With the method for controlling noise of the rotating device in this embodiment, the controller obtains the rotational speed information of the rotating device, determines the transfer functions suitable for the target noise subject to the rotational speed information according to the rotational speed information, processes, according to the obtained transfer functions, the sound wave signal fed back by the reference sensor, and generates a sound emitting command, so that the secondary source emitting device emits a secondary sound wave that has a reversed phase and equivalent intensity relative to the target noise, to cancel the target noise, thereby fulfilling the purpose of reducing noise. The function mapping table provided in this embodiment stores the transfer functions corresponding to multiple types of rotational speed information of the rotating device beforehand. In the noise control process, the corresponding transfer functions are obtained according to the actual rotational speed of the rotating device, which solves the following problem in the prior art: The same transfer function applied in the prior art is unable to cancel the target noise that is sharply different from the target noise used for obtaining the transfer functions, and is unable to fulfill the purpose of reducing noise. The noise reduction in this embodiment is not limited by the size of the target noise any more, and the noise is reduced in a real sense.

Further, as shown in FIG. 3, the method for controlling noise of the rotating device in this embodiment includes a step of generating a function mapping table before step 202. The step of generating the function mapping table specifically includes the following:

Step 20a: Adjust the rotational speed of the rotating device through a rotation control device.

In this embodiment, the rotation control device may serve as a functional component of the rotating device 14 and be arranged in the rotating device 14, or may be independent of the rotating device 14 but is connected to the rotating device 14. In this embodiment, the rotation control device is configured to send a rotational speed adjustment signal to the rotation control device to adjust the rotational speed of the rotating device 14, so as to fulfill the purpose of adjusting the rotational speed.

Step 20b: Obtain transfer functions corresponding to each type of rotational speed information to generate a function mapping table.

Taking the system in FIG. 1 as an example, the transfer functions generated in this embodiment include: transfer function A, transfer function B, and transfer function C. If the rotating device has n types of rotational speed information, the generated function mapping table is shown in Table 1. The following describes in detail the process of obtaining the transfer functions, by taking the scenario of obtaining transfer functions corresponding to one type of rotational speed information as an example.

In this embodiment, the working principle of a virtual error sensor is applied.
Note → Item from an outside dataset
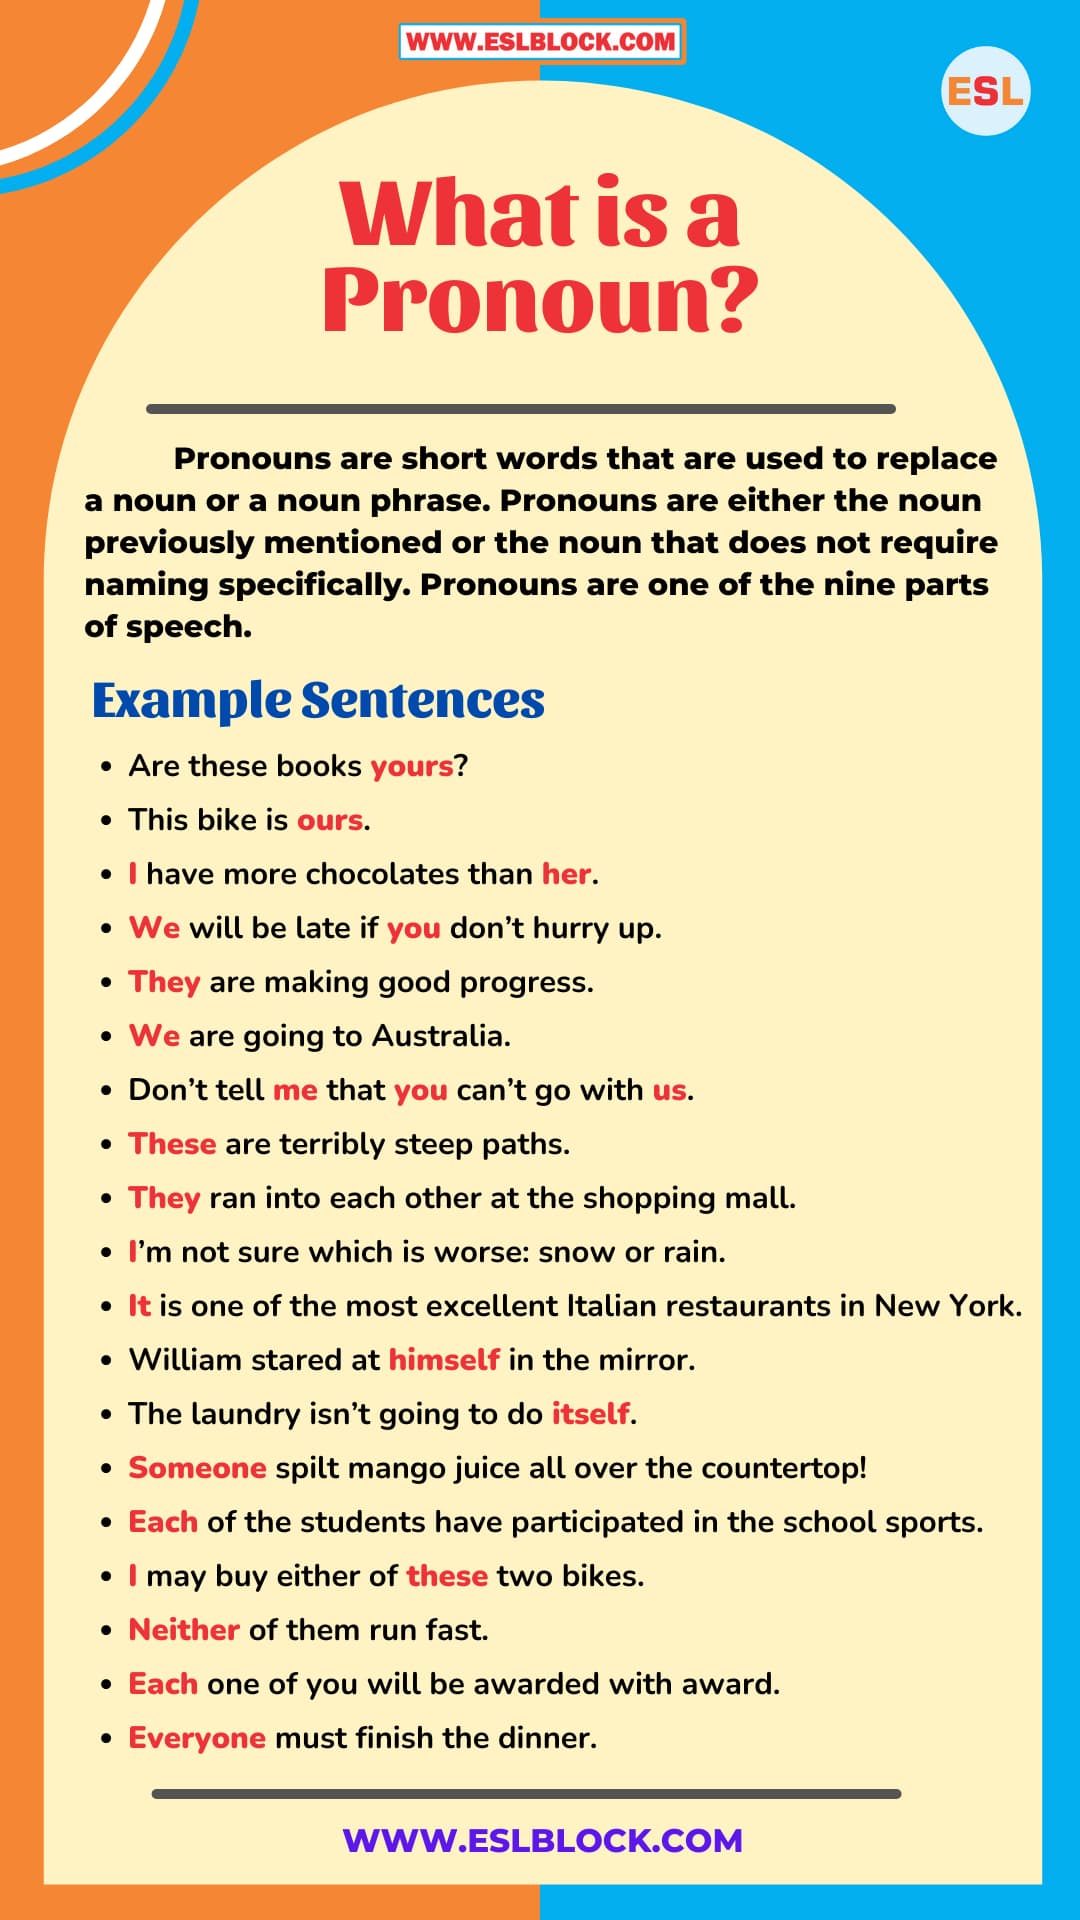 English Grammar, Parts of Speech, Parts of Speech in English Grammar, Pronoun, What is a Pronoun, Personal pronouns, Antecedents, Relative pronouns, Demonstrative pronouns, Indefinite pronouns, Reflexive pronouns, Intensive pronouns, Possessive pronouns, Interrogative pronouns, Reciprocal pronouns, Distributive pronouns,

That is, in the obtaining process, an error sensor 15 is arranged, and is temporarily located far away from the reference sensor 13, as shown in FIG. 4A. A test is performed in an environment with low background noise (it needs to ensure that the background noise can be ignored), and the secondary source emitting device 12 is shut down (not illustrated in FIG. 4A). In this case, only the target noise generated by the rotating device 14 according to certain rotational speed information set by the rotation control device exists, and the target noise is propagated to the error sensor 15. At this time, the reference sensor 13 and the error sensor 15 each may detect a sound wave signal, and each feed back the signal to the controller 11. The controller 11 calculates transfer function A between the reference sensor 11 and the error sensor 15 according to the sound wave signal fed back by each of the reference sensor 13 and the error sensor 15, where transfer function A corresponds to the target noise subject to the rotational speed information.
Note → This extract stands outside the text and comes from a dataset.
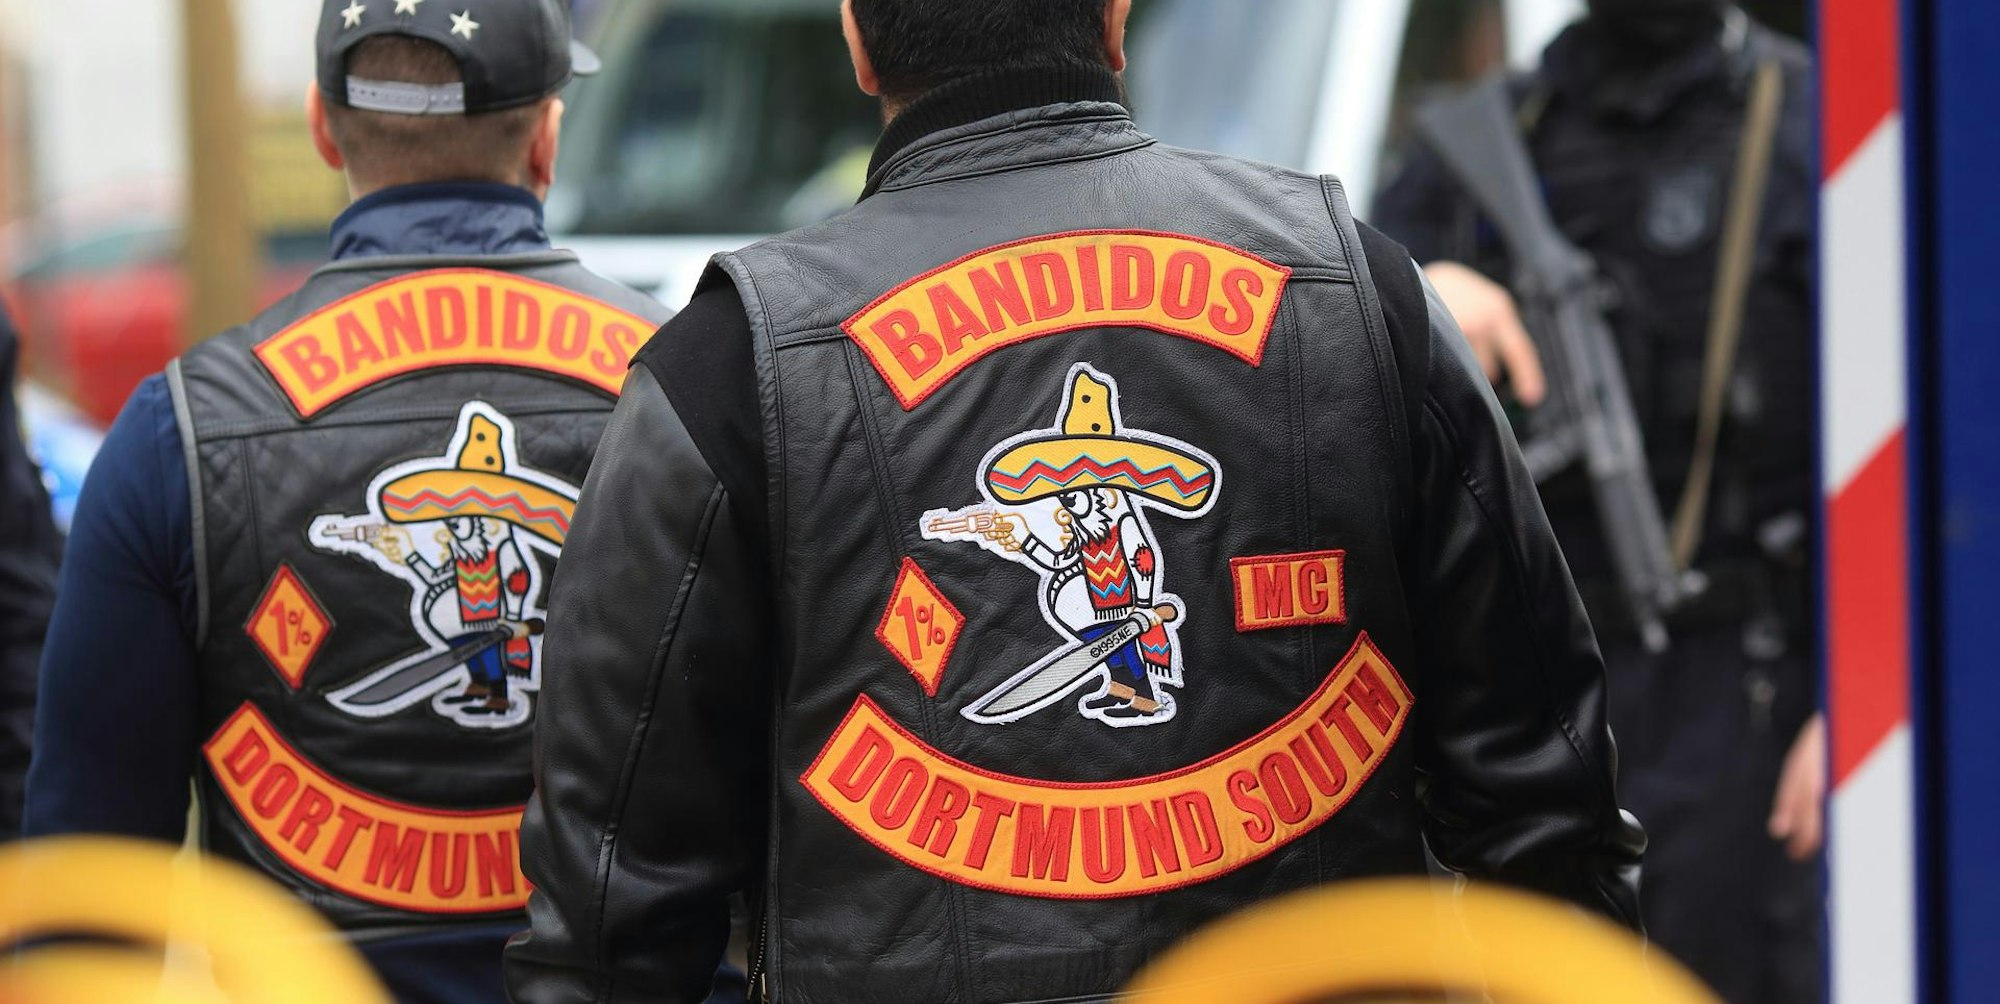 Bandidos_Kutten_Symbolbild

Subsequently, as shown in FIG. 4B, the test environment is changed. In the environment, the rotating device 14 is shut down (FIG. 4B shows neither the rotating device 14 nor the reference sensor 13), and the background noise is low (it ensures that the background noise can be ignored). The controller 11 sends a sound emitting command to the secondary source emitting device 12. In this case, the secondary source emitting device 12 may emit a secondary sound wave according to the sound emitting command. The secondary sound wave may be propagated toward the error sensor 15. The error sensor 15 may detect a sound wave signal (mainly, a secondary sound wave), and feed it back to the controller 11. The controller 11 calculates transfer function B between the controller 11 and the error sensor 15 according to the emitted sound emitting command and the sound wave signal that is fed back by the error sensor 15.

Subsequently, as shown in FIG. 4C, the test goes on in an environment with the rotating device 14 being shut down (FIG. 4C shows neither the rotating device 14 nor the error sensor 15) and with low background noise (it ensures that the background noise can be ignored). In this case, the controller 11 sends a sound emitting command to the secondary source emitting device 12, and the secondary source emitting device 12 may emit a secondary sound wave according to the sound emitting command. The secondary sound wave may be propagated toward the reference sensor 13. The reference sensor 13 may detect a sound wave signal (mainly, a secondary sound wave), and feeds it back to the controller 11. The controller 11 calculates transfer function C between the controller 11 and the reference sensor 13 according to the emitted sound emitting command and the sound wave signal that is fed back by the reference sensor 13.

The transfer function B and transfer function C may be obtained by adopting the same test process. The order of obtaining the transfer functions is not limited to the order exemplified above, and may be arbitrary.

When the rotation control device sends a rotational speed adjustment signal and finishes controlling the rotating device 14 to adjust the rotational speed, the target noise subject to the rotational speed information is tested once, so as to obtain transfer function A between the reference sensor 11 and the error sensor 15, where transfer function A corresponds to the target noise subject to the rotational speed information. The process of obtaining transfer function B and transfer function C is independent of the target noise. Therefore, transfer function B and transfer function C may be re-obtained again, or may be not obtained any more (namely, obtained only once).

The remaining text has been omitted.